Available data:
....

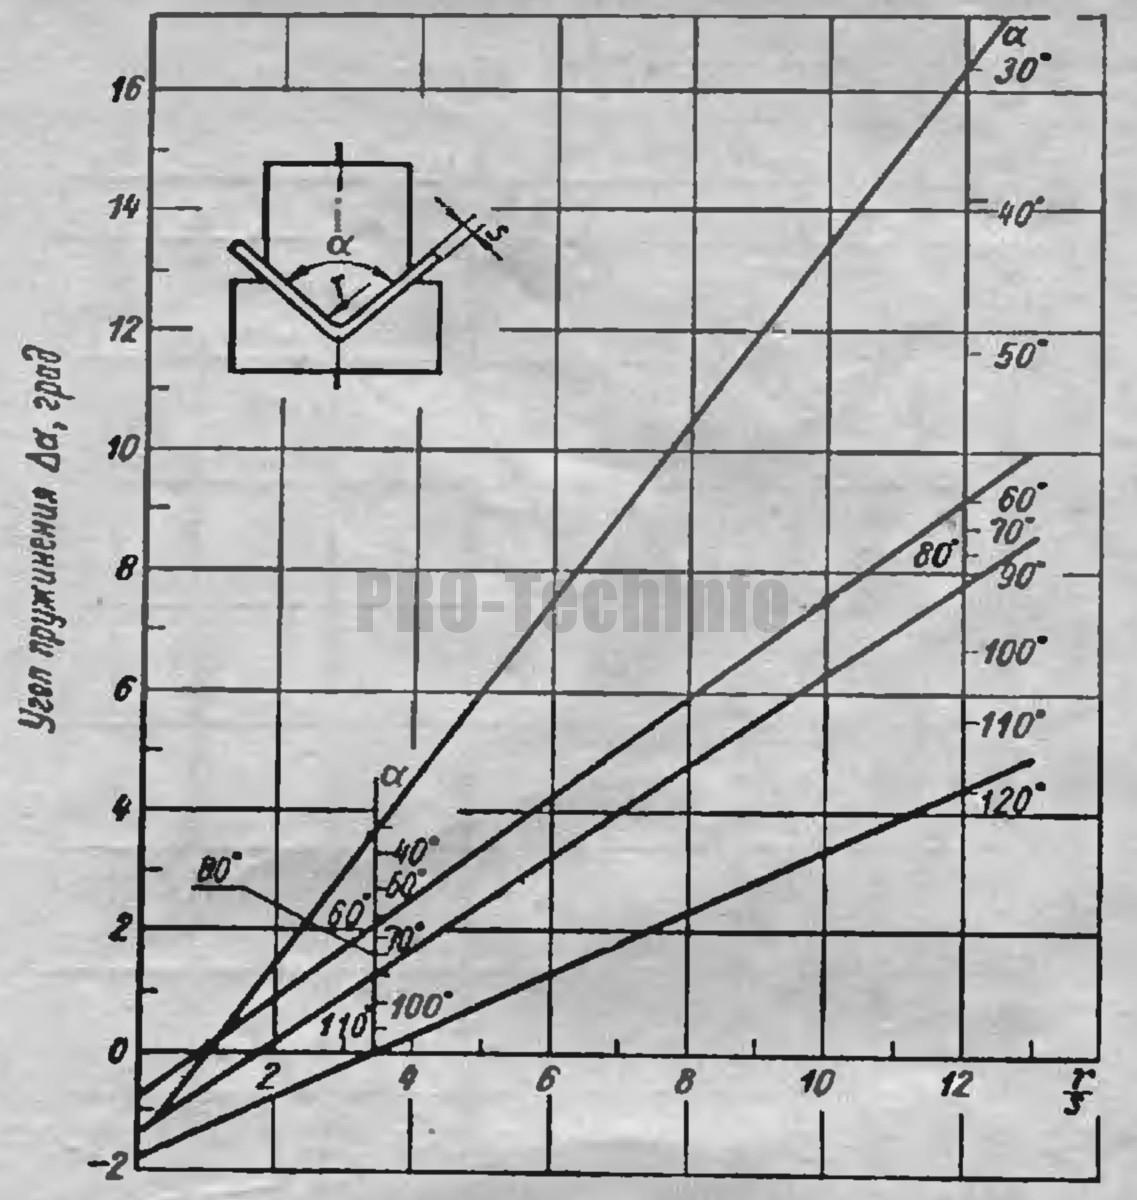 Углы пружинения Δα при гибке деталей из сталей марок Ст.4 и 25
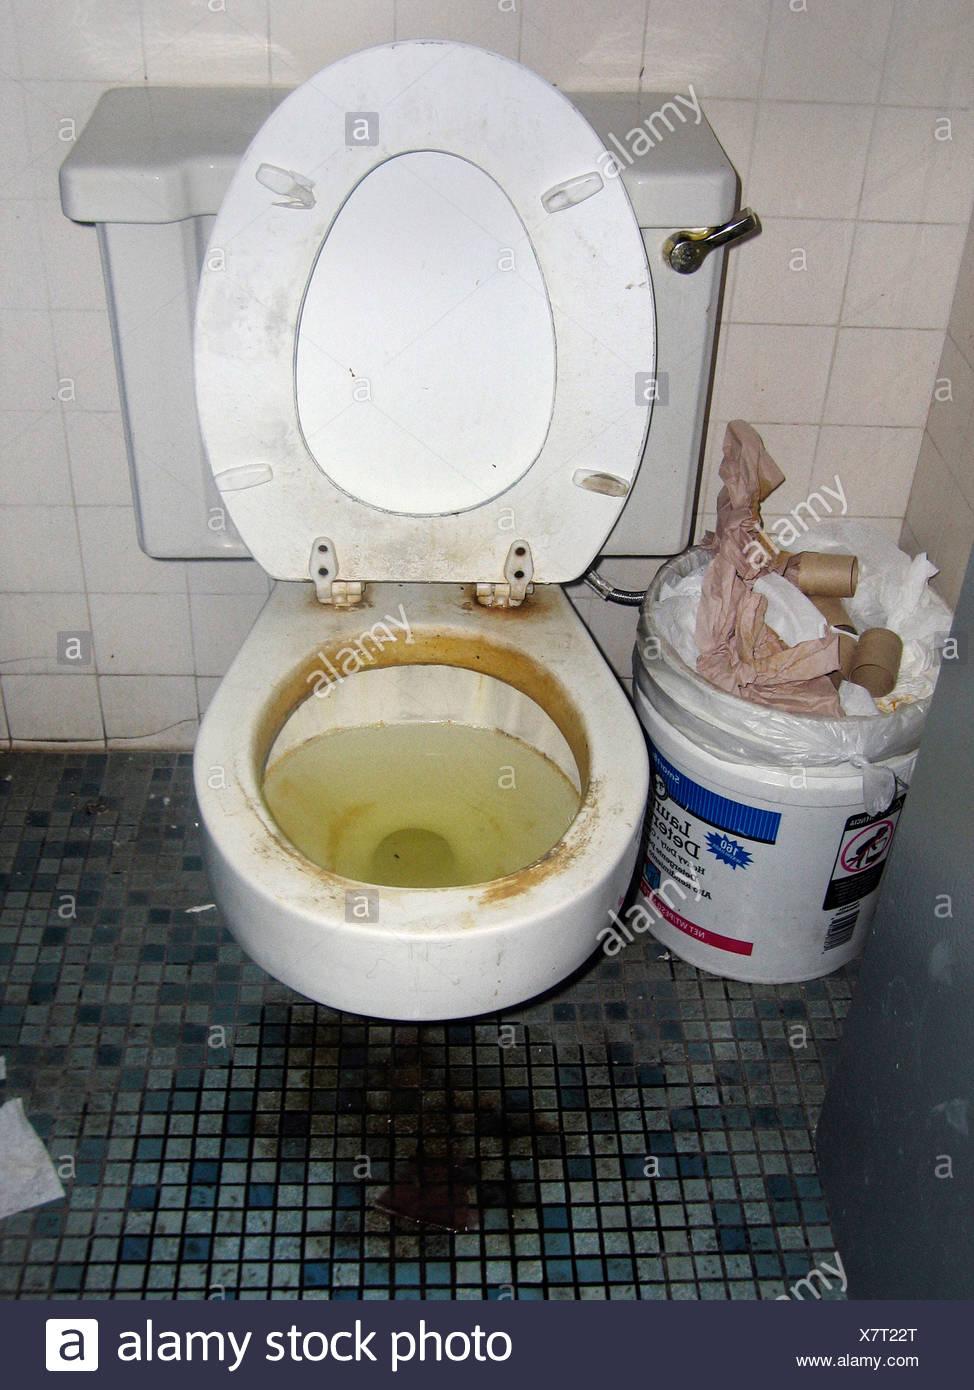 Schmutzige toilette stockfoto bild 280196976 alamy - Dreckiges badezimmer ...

....

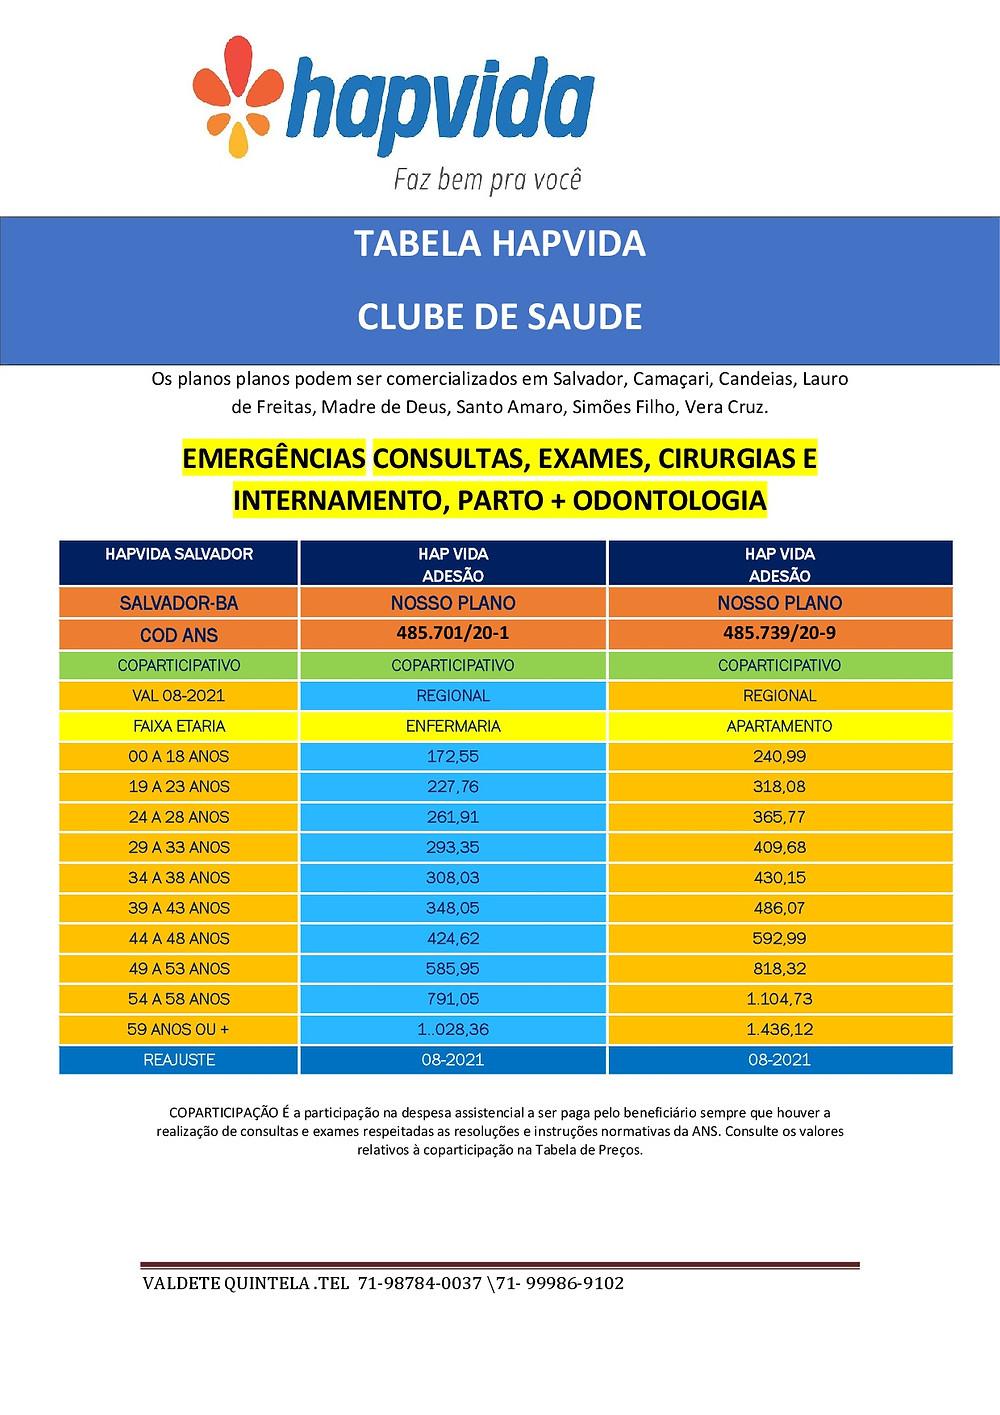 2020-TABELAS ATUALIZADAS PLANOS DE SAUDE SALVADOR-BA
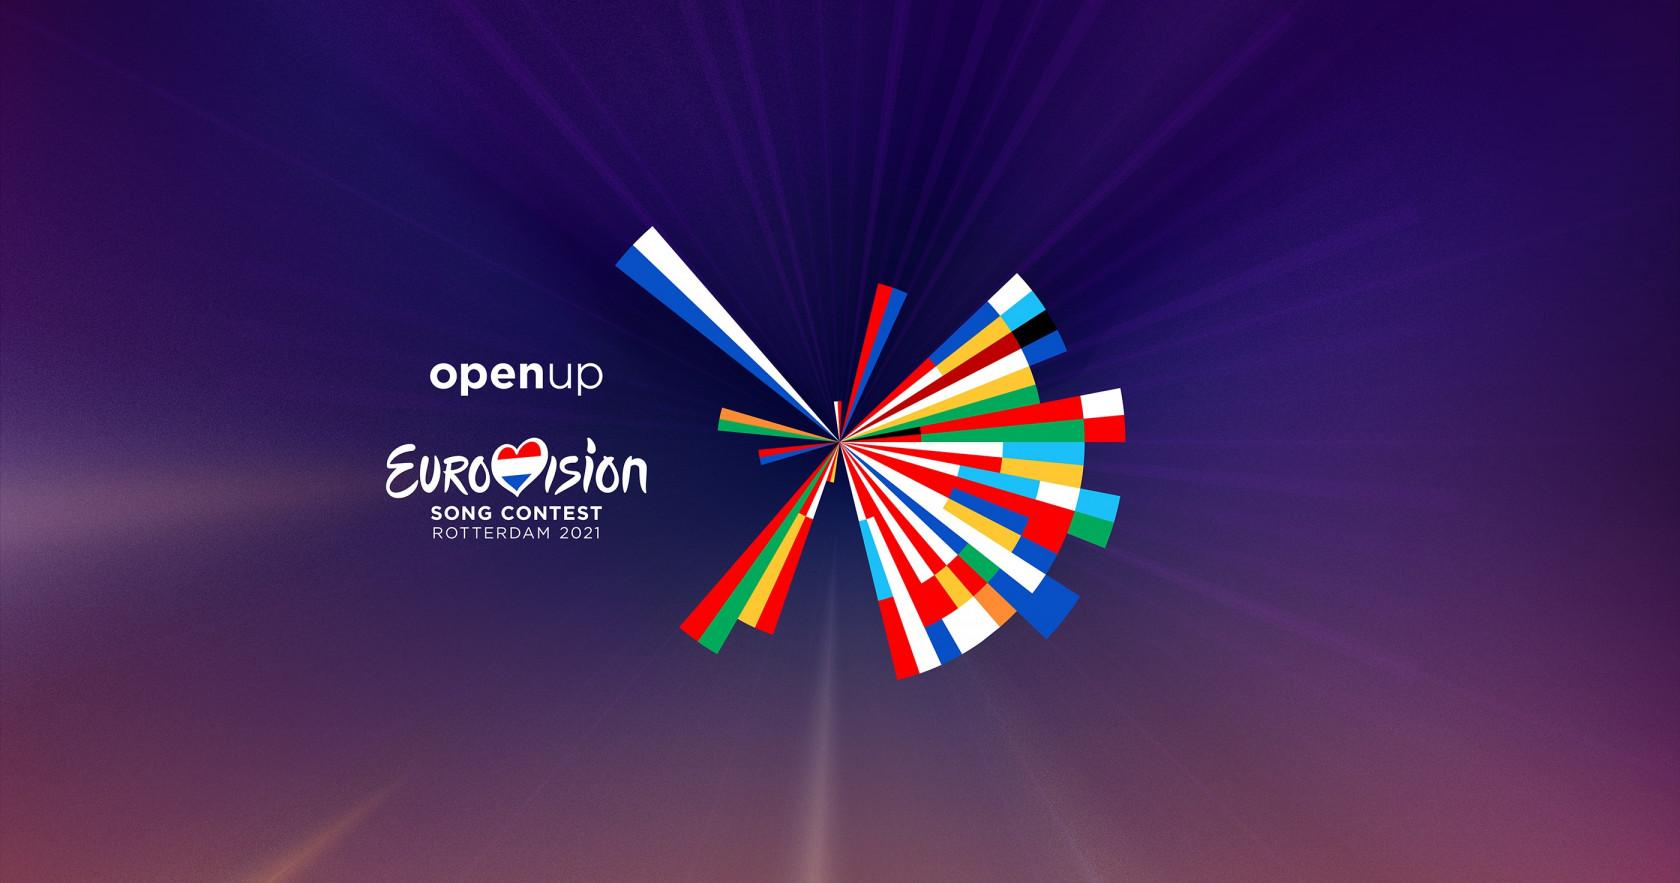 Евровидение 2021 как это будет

....

Exercise prompt: Look above for the line holding "Углы пружинения Δα" and output everything from it down to the line holding "Schmutzige toilette stockfoto", both ends included, exactly and without images.

Reply:
 Углы пружинения Δα при гибке деталей из сталей марок Ст.4 и 25
 Schmutzige toilette stockfoto bild 280196976 alamy - Dreckiges badezimmer ...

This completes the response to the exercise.